* Provided data
****************************************

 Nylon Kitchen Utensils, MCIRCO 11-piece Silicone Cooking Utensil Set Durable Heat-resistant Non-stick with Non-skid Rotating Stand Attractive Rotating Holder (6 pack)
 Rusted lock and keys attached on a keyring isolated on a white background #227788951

****************************************

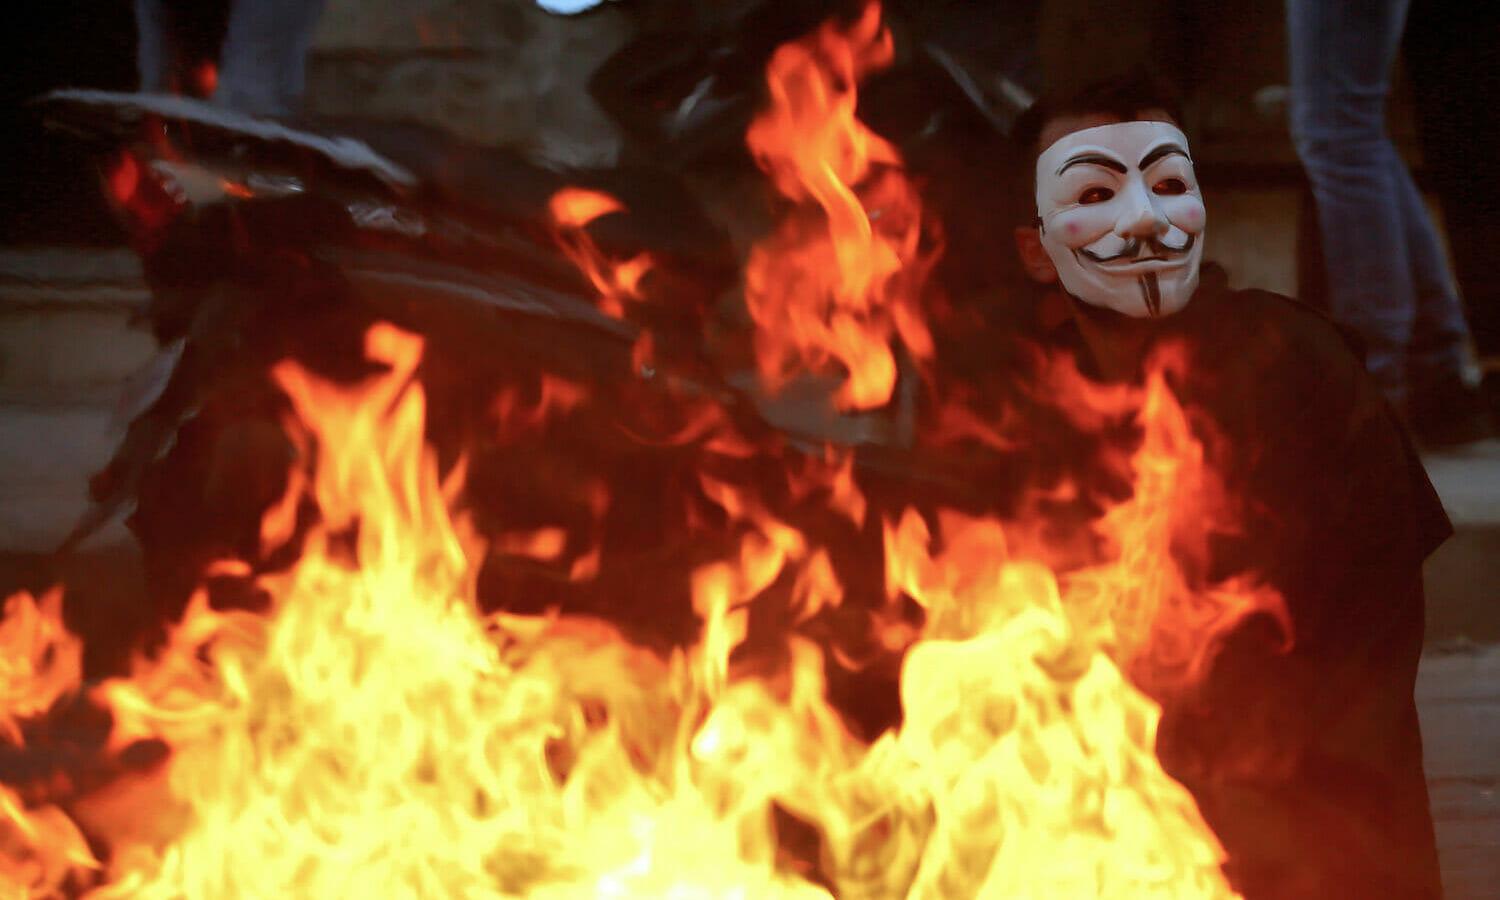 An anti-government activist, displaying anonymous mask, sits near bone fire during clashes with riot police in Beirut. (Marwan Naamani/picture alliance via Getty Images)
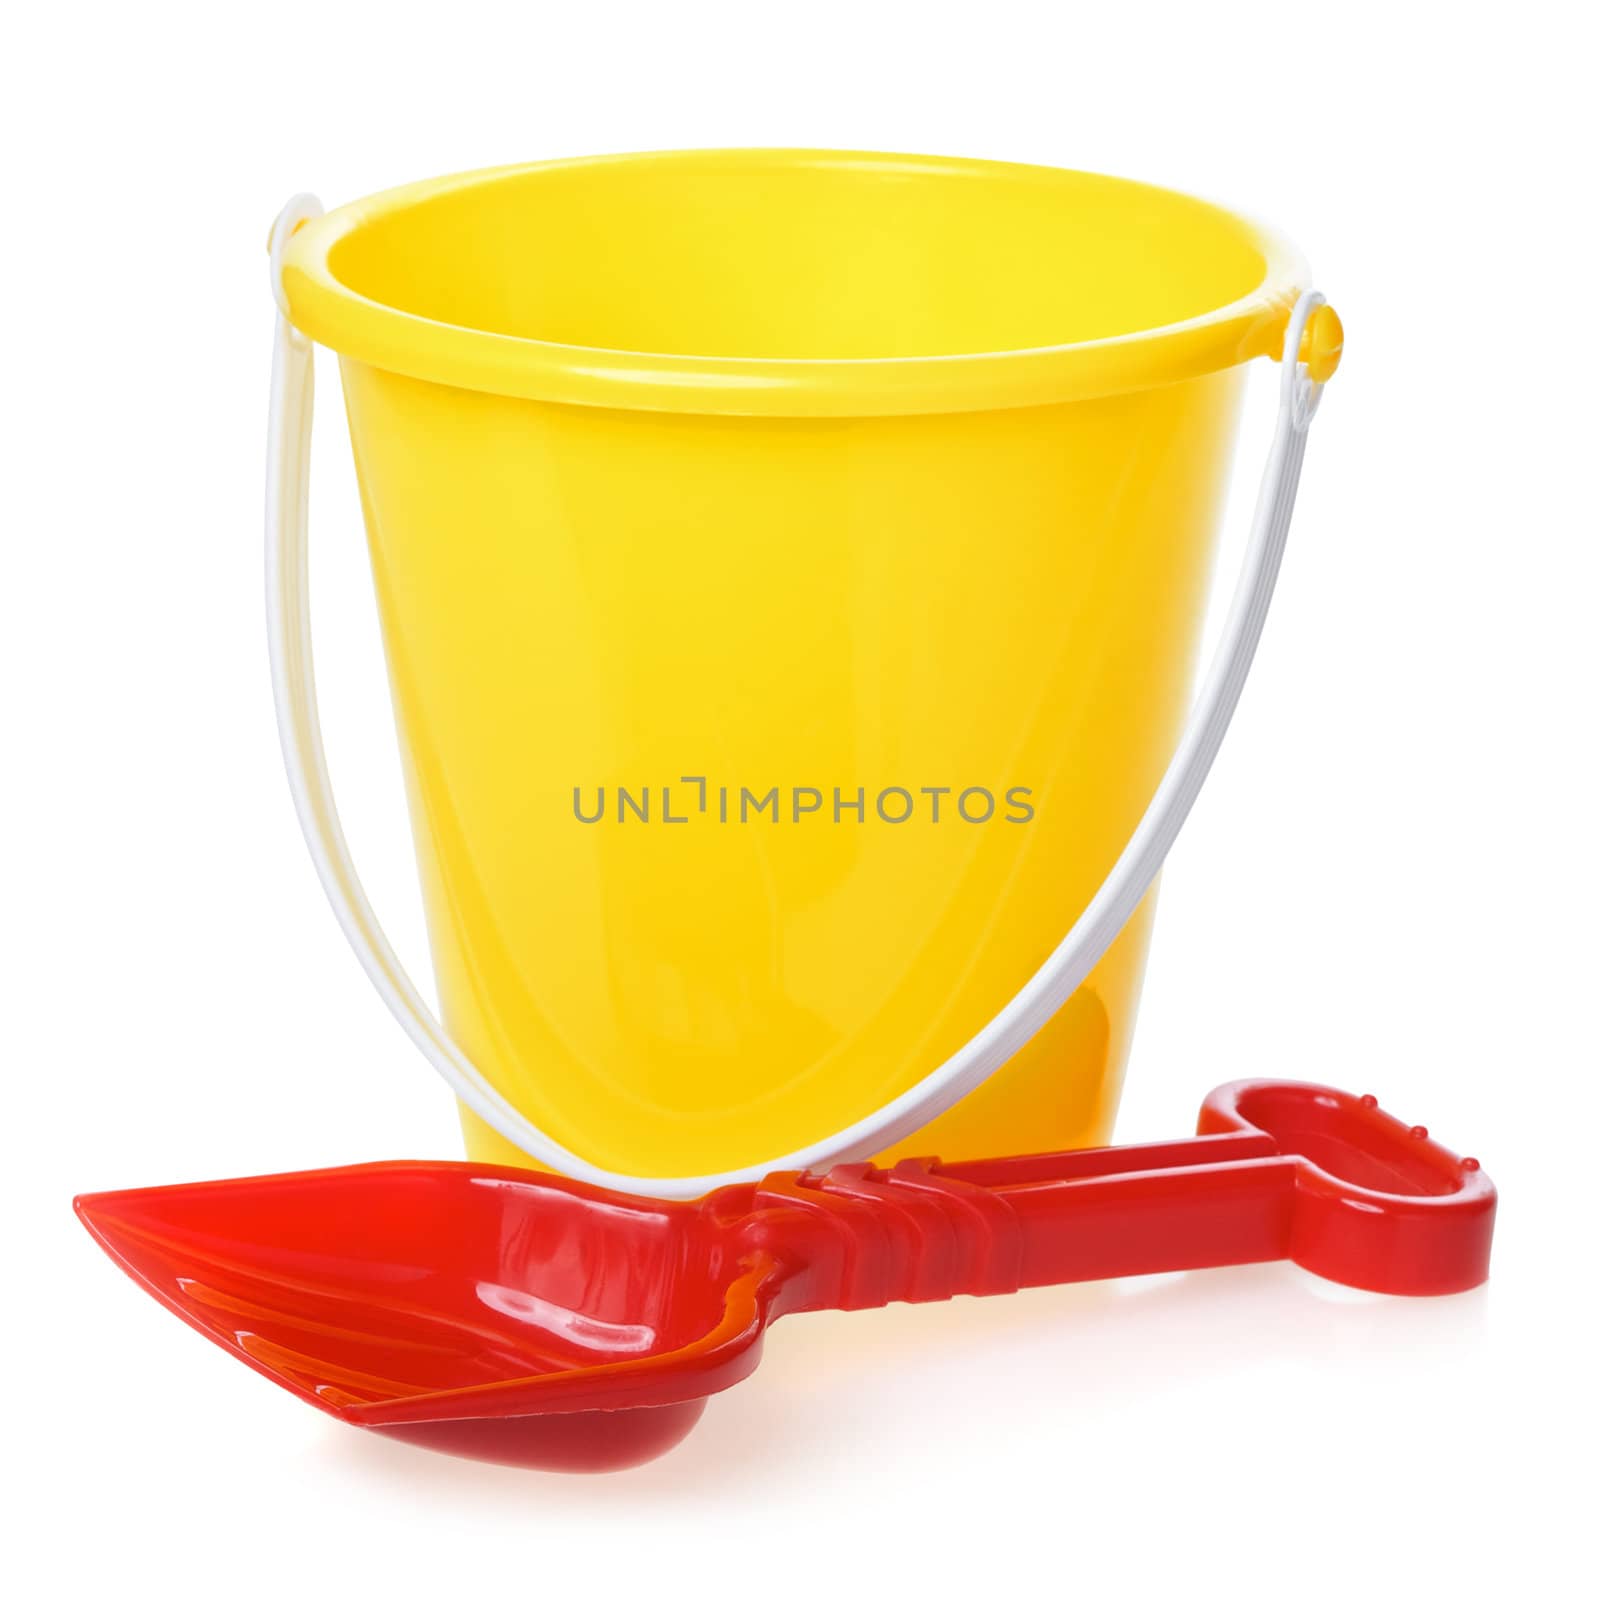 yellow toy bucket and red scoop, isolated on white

****************************************

* The task
Take the lines above starting at the one containing "An anti-government activist, displaying" and ending at the one containing "yellow toy bucket", and print them again exactly, without pictures.

* Answer to the exercise
 An anti-government activist, displaying anonymous mask, sits near bone fire during clashes with riot police in Beirut. (Marwan Naamani/picture alliance via Getty Images)
 yellow toy bucket and red scoop, isolated on white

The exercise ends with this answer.